§ **Dataset content**

= Beginning of Section =

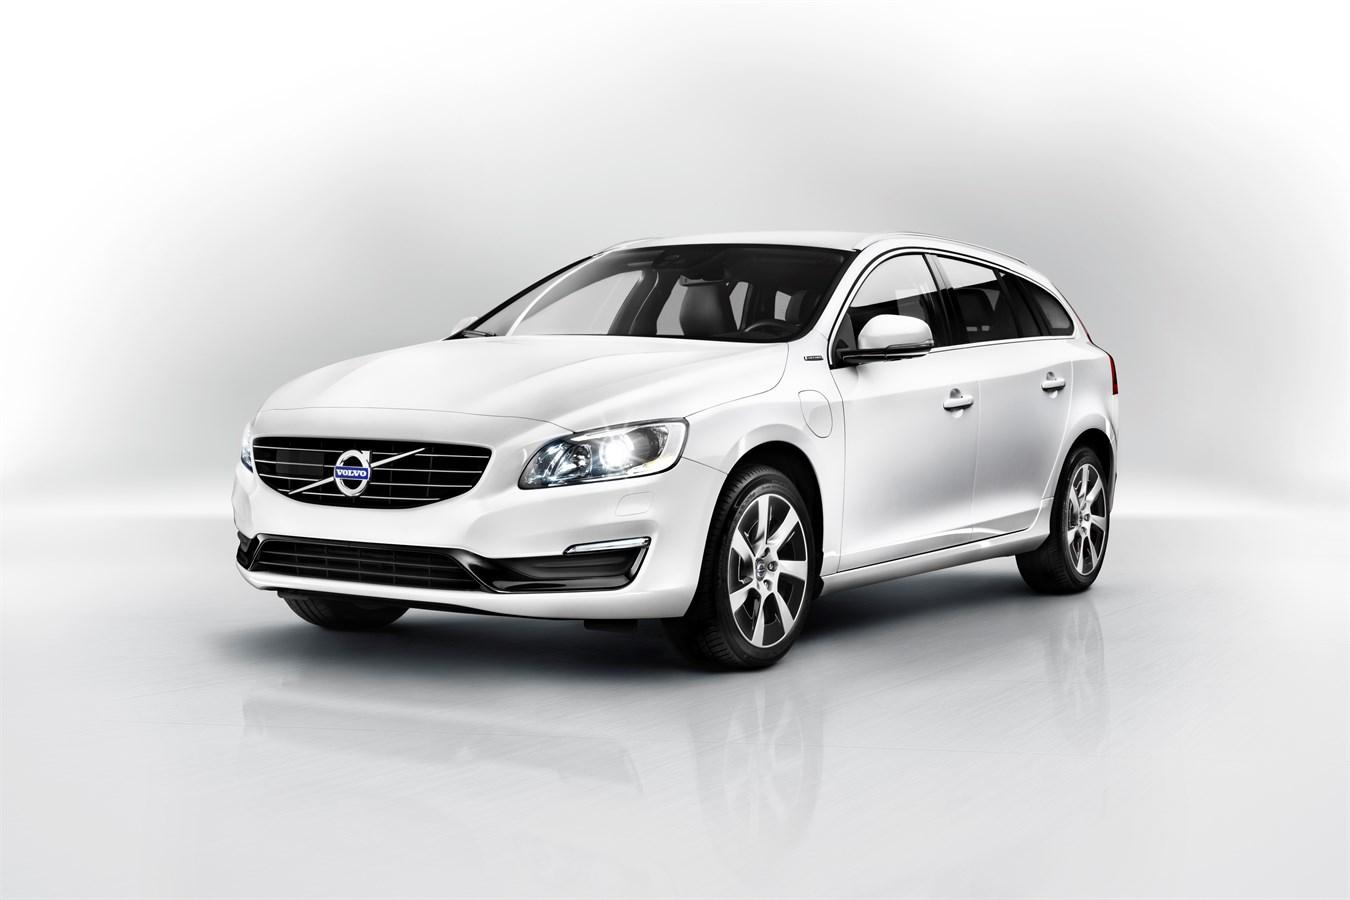 Volvo V60 Plug-in Hybrid – model year 2014 - Volvo Car Group Global
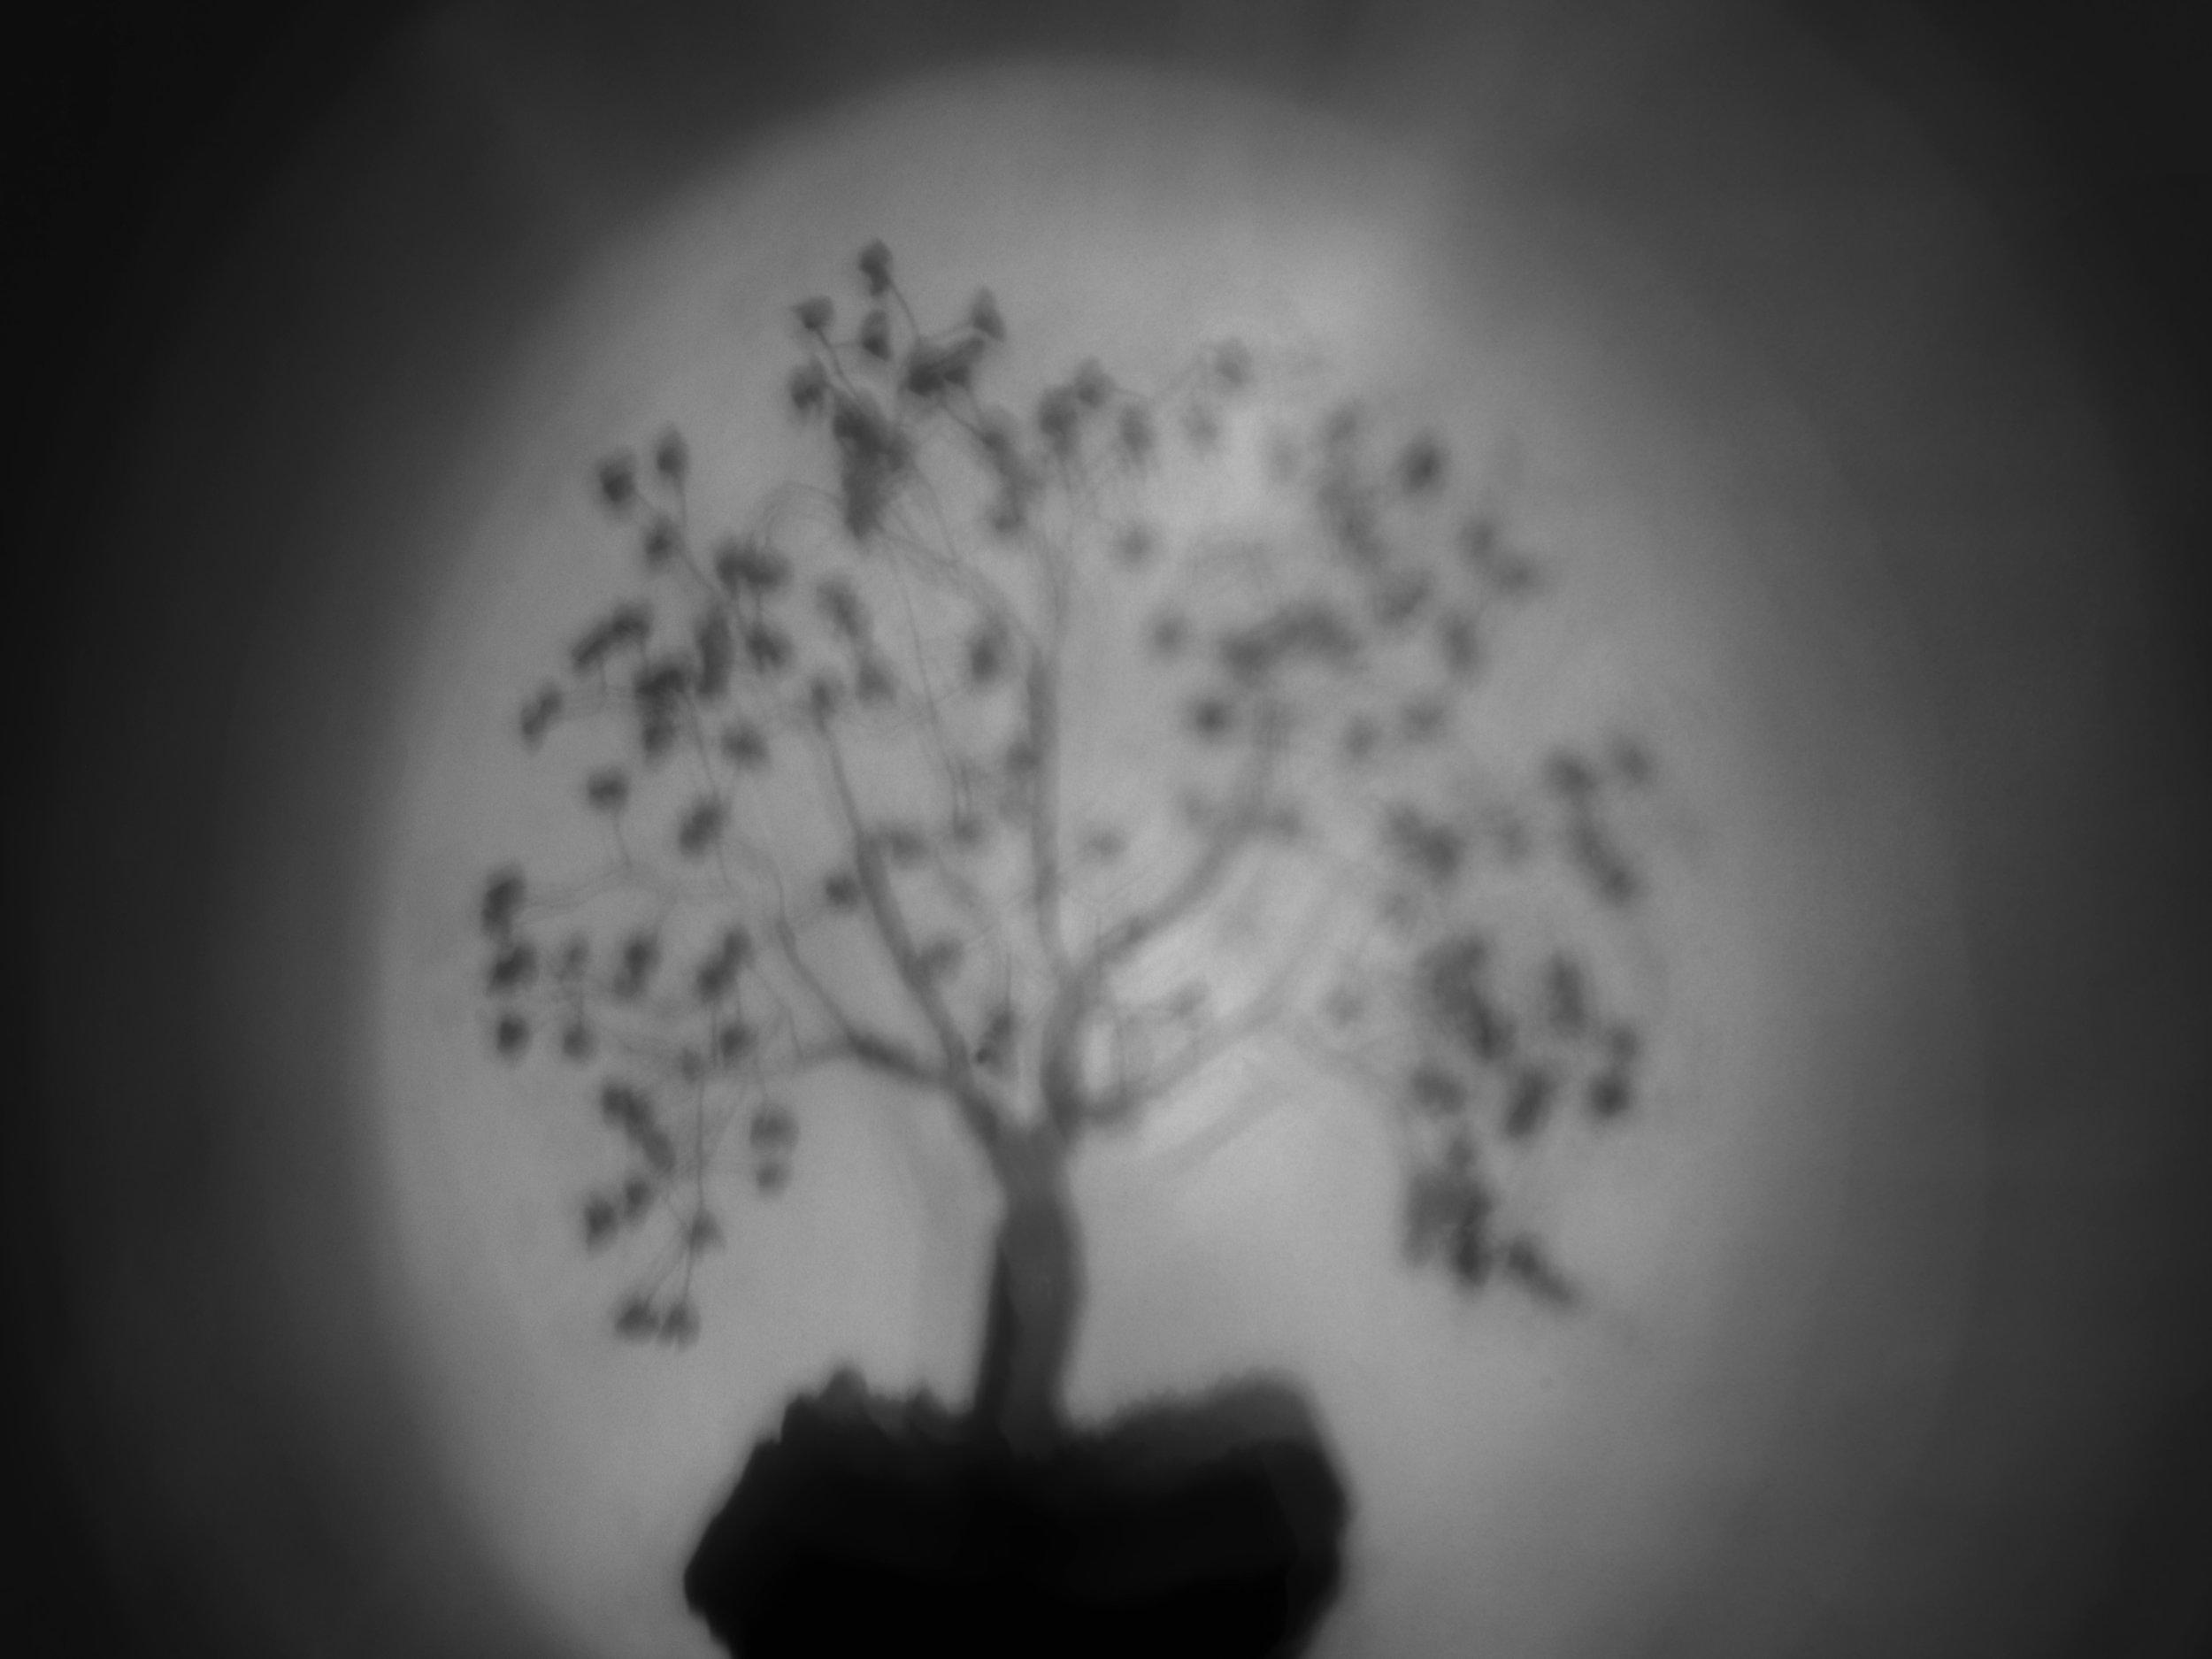 Lightand Shadow in the Future-QEP FINE ART 2018-Life-Marco Garofalo-Fine Art Photography-2018.jpg
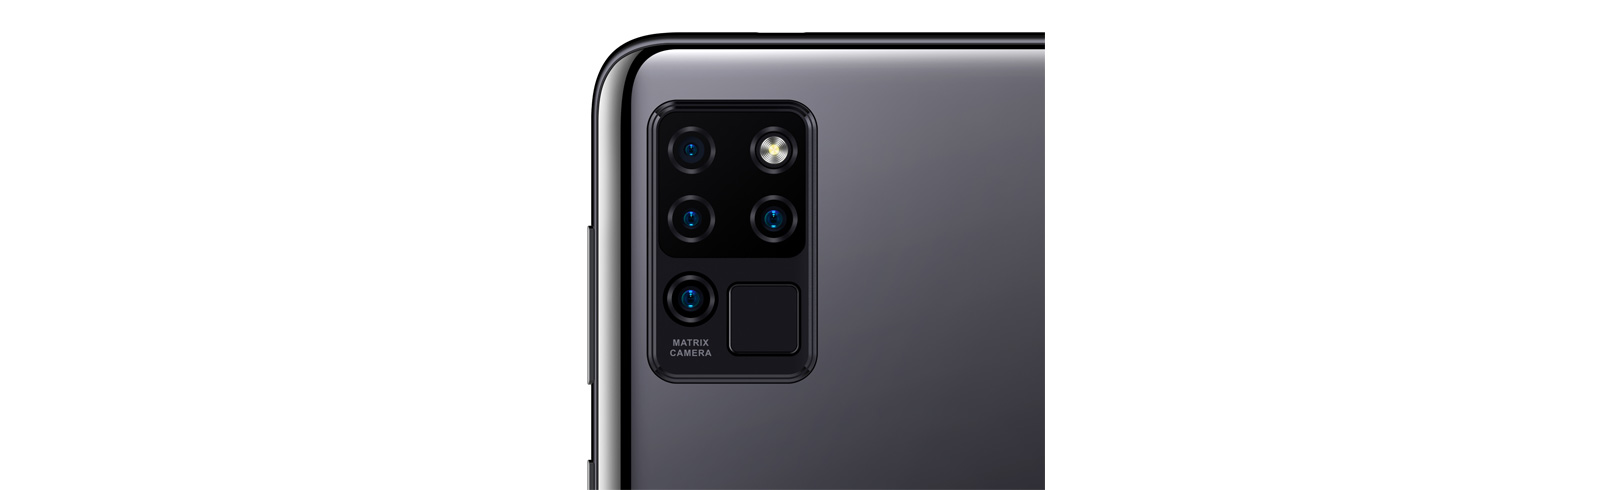 Oukitel C21 teased with a quad-camera matrix camera

= End of Section =

§ **Assignment**
Send back the listing exactly as it stands. Do not include the pictures.

§ **Output for this exercise**
 Volvo V60 Plug-in Hybrid – model year 2014 - Volvo Car Group Global
 Lightand Shadow in the Future-QEP FINE ART 2018-Life-Marco Garofalo-Fine Art Photography-2018.jpg
 Oukitel C21 teased with a quad-camera matrix camera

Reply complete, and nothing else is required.